EXERCISE REQUIREMENTS -
Entries follow. Give back exactly the lines starting at the one containing "bo te de rangement" and ending at the one containing "Cresta Baitstop Needle", and no other lines.

TASK INPUT -
:::::
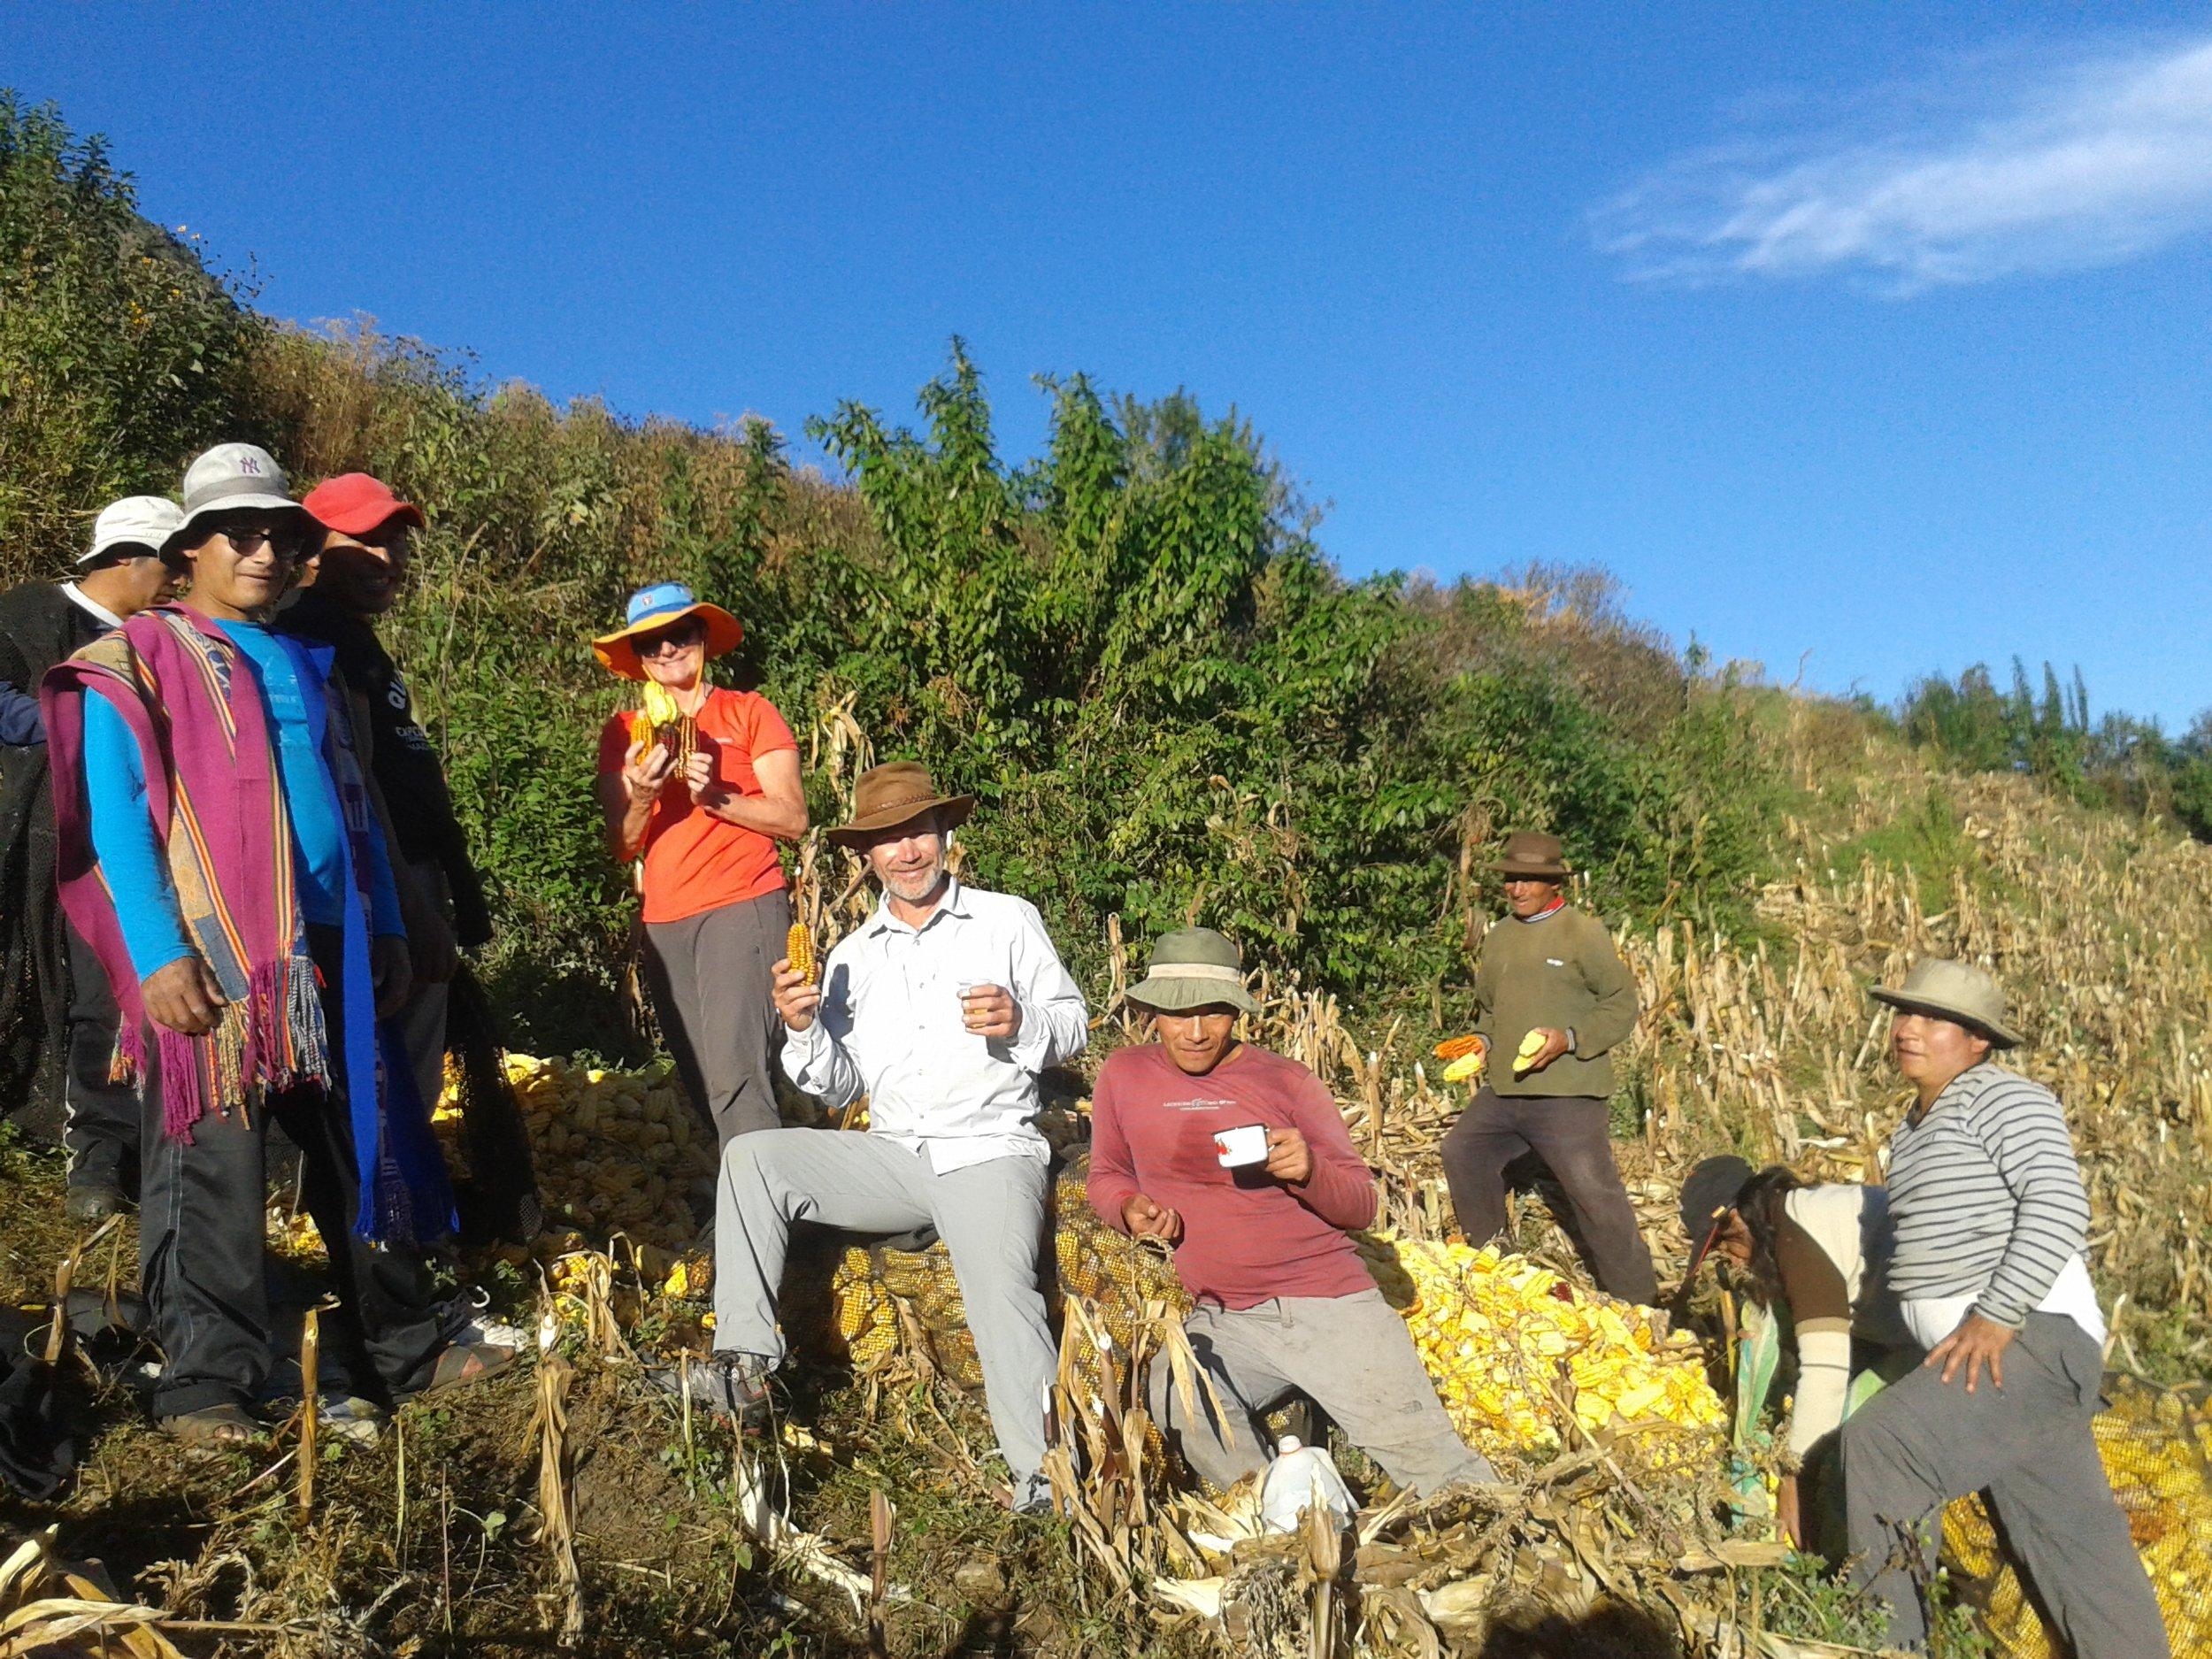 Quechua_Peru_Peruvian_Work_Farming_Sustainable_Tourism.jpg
:::::
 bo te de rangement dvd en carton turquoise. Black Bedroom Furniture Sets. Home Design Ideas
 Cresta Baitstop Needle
:::::
REPLY TO THE TASK -
 bo te de rangement dvd en carton turquoise. Black Bedroom Furniture Sets. Home Design Ideas
 Cresta Baitstop Needle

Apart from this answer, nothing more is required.